Median household incomes are on the way up in the Tampa and Sarasota-Bradenton regions, according to a new report from PNC Financial Services Group.
But the gap between local and national wages remains a tough obstacle to overcome, the report adds.
An analysis of U.S. Census Bureau data and Moody's Analytics, the wage and income information is part of PNC's third quarter Tampa Bay market outlook.
On the positive side, according to PNC estimates, the median household income has “likely recovered” from its 9% drop during the recession, the report states.
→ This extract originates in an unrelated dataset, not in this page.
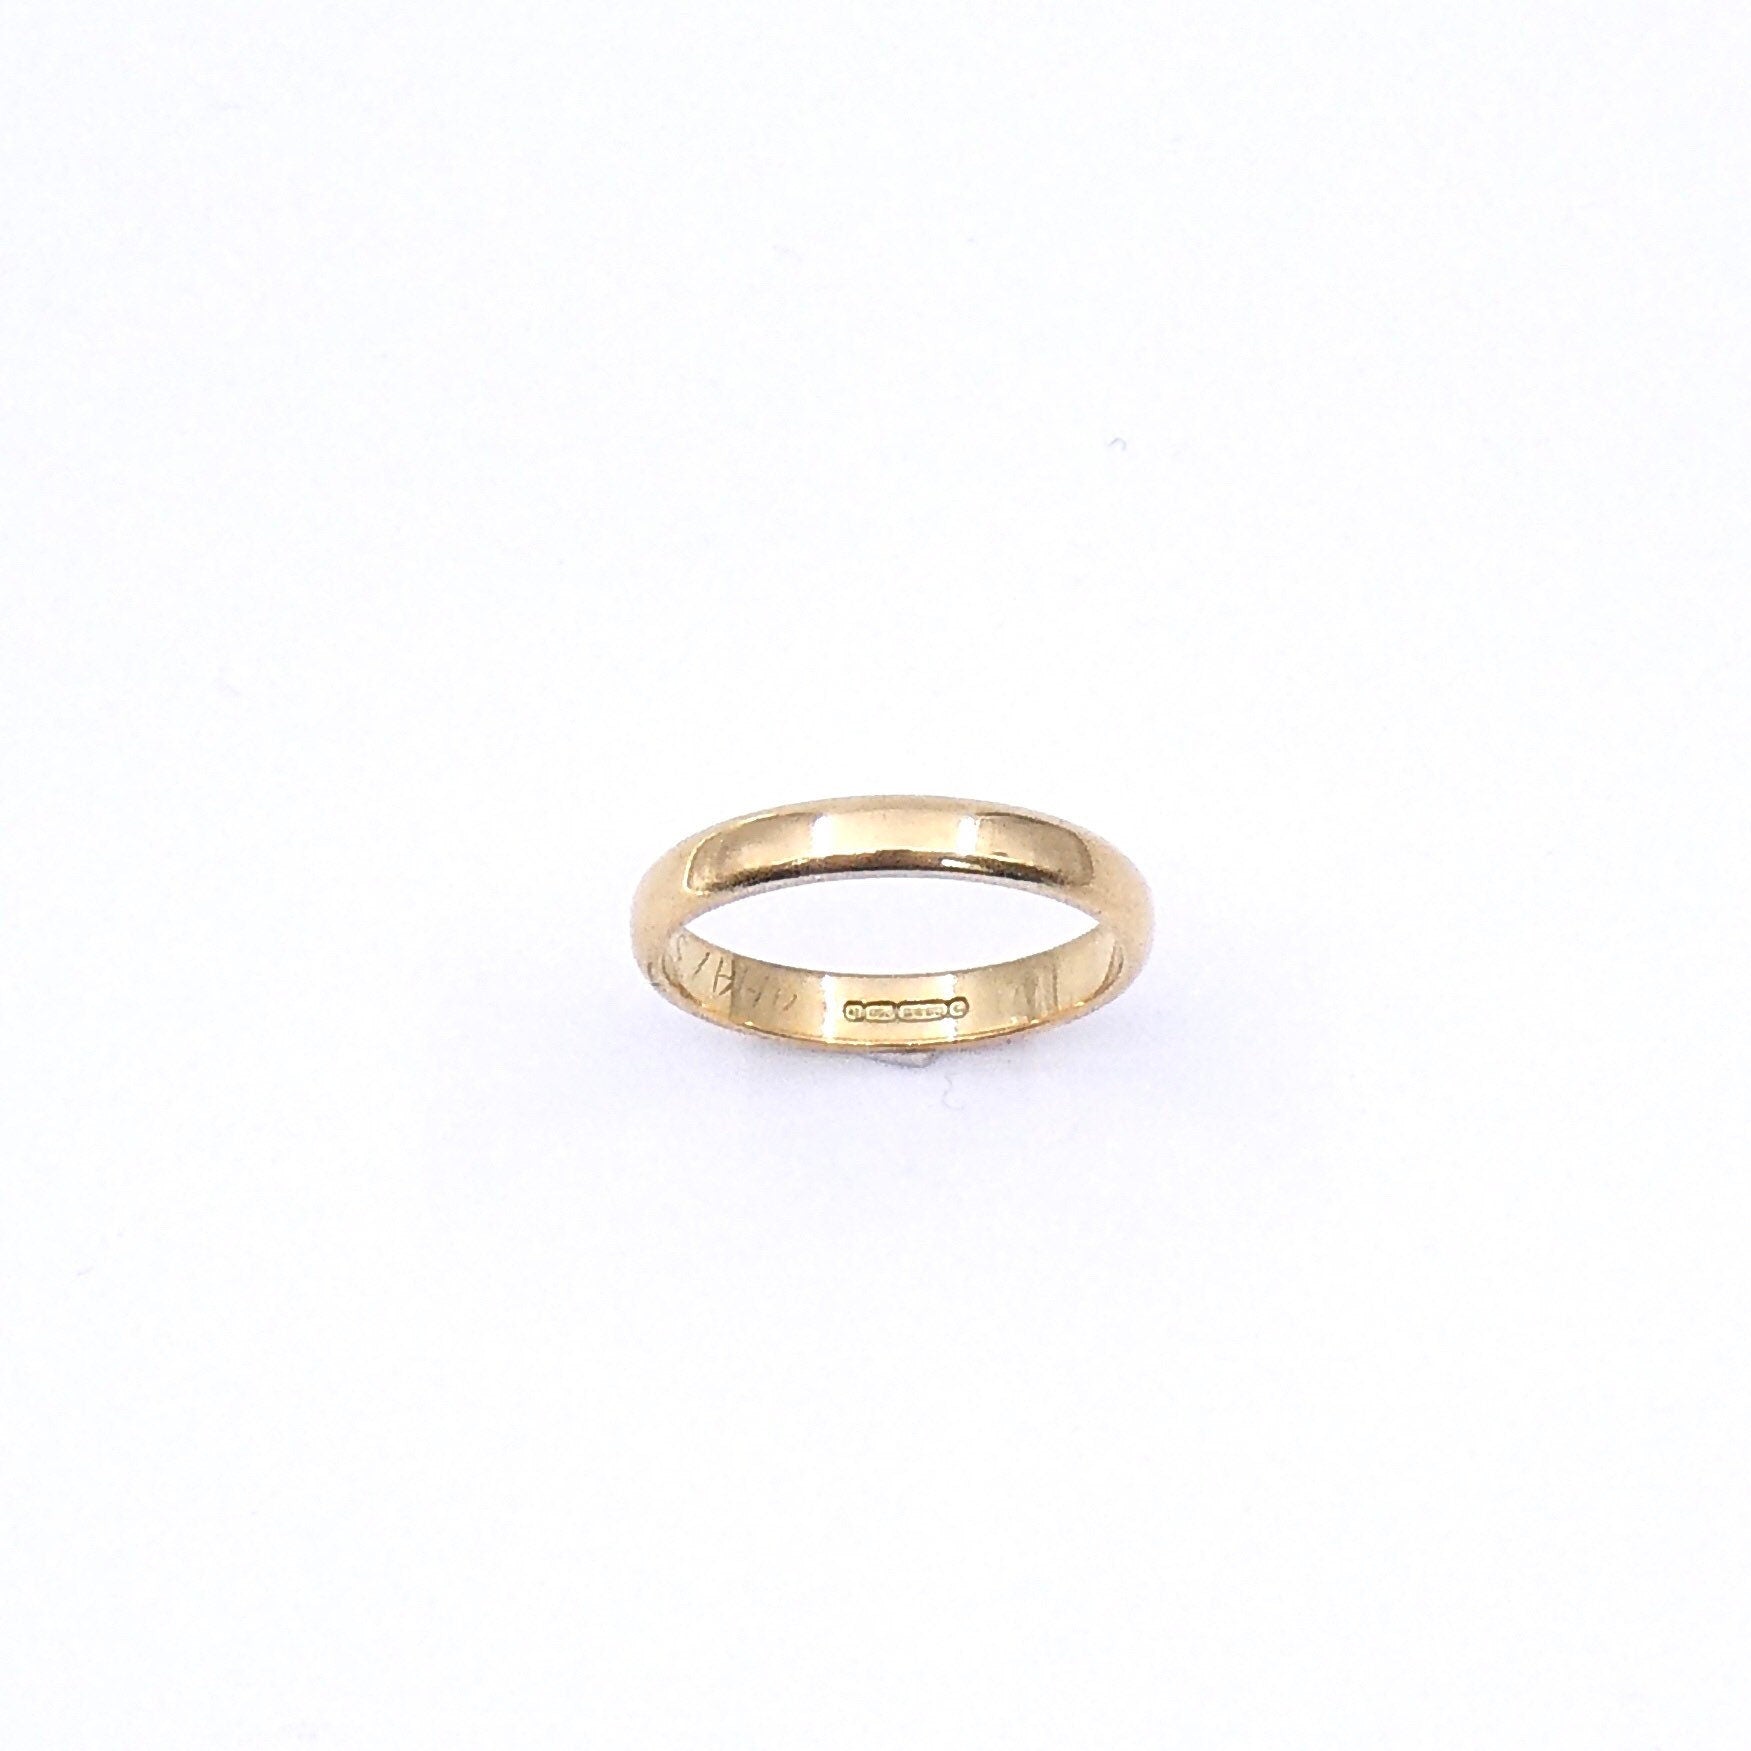 Vintage gold band, a heavy 18kt gold ring, ideal vintage wedding ring. - Collected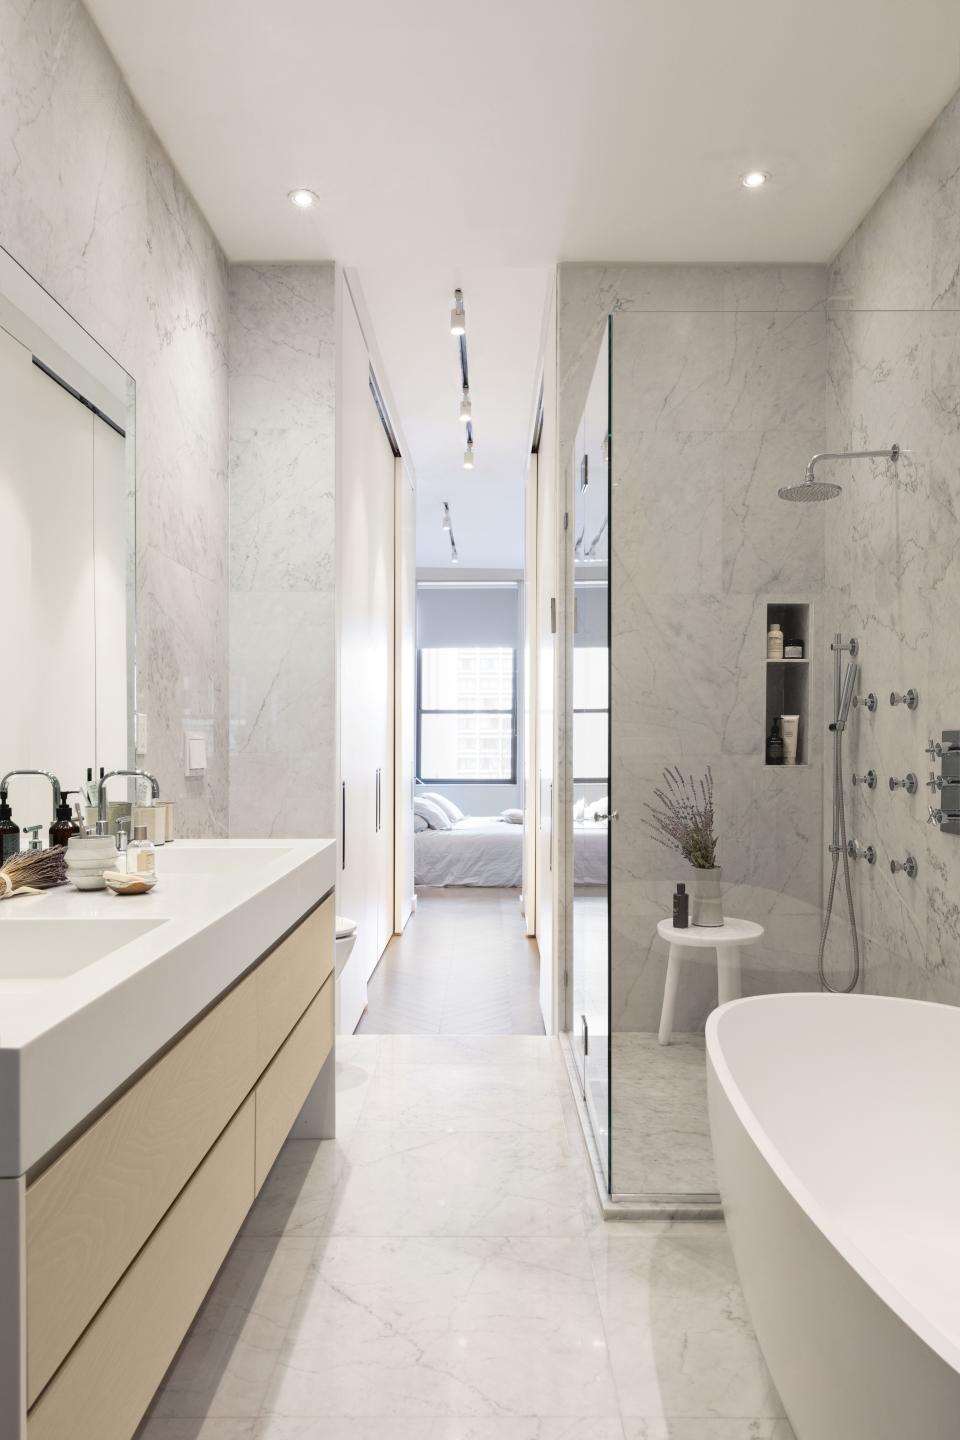 The master bath is dominated by richly veined Carrara marble.

The bank forecasts incomes will continue to rise, from around $47,000 a year to $50,000 by 2017. “A tighter labor market and increases in mid-wage employment in such industries as construction, finance and professional services will lift average wages slowly over the next several quarters,” the report states.
Yet the income increases, say PNC analysts, aren't likely to dent the gap between regional and national median incomes in the “foreseeable future.” It's a stark gap: The median income in the region was about 7% below the national income in 2006, according to the report. That gap, analysts say, has likely widened to about 11%.
Of the two metro areas, North Port-Bradenton-Sarasota enjoys much faster earnings growth because of the better mix of jobs being created, according to the report. In Tampa, most of the jobs being added are in low-wage sectors, including retail, leisure and hospitality. That factor, the report states, “limits the region's potential to close the gap.”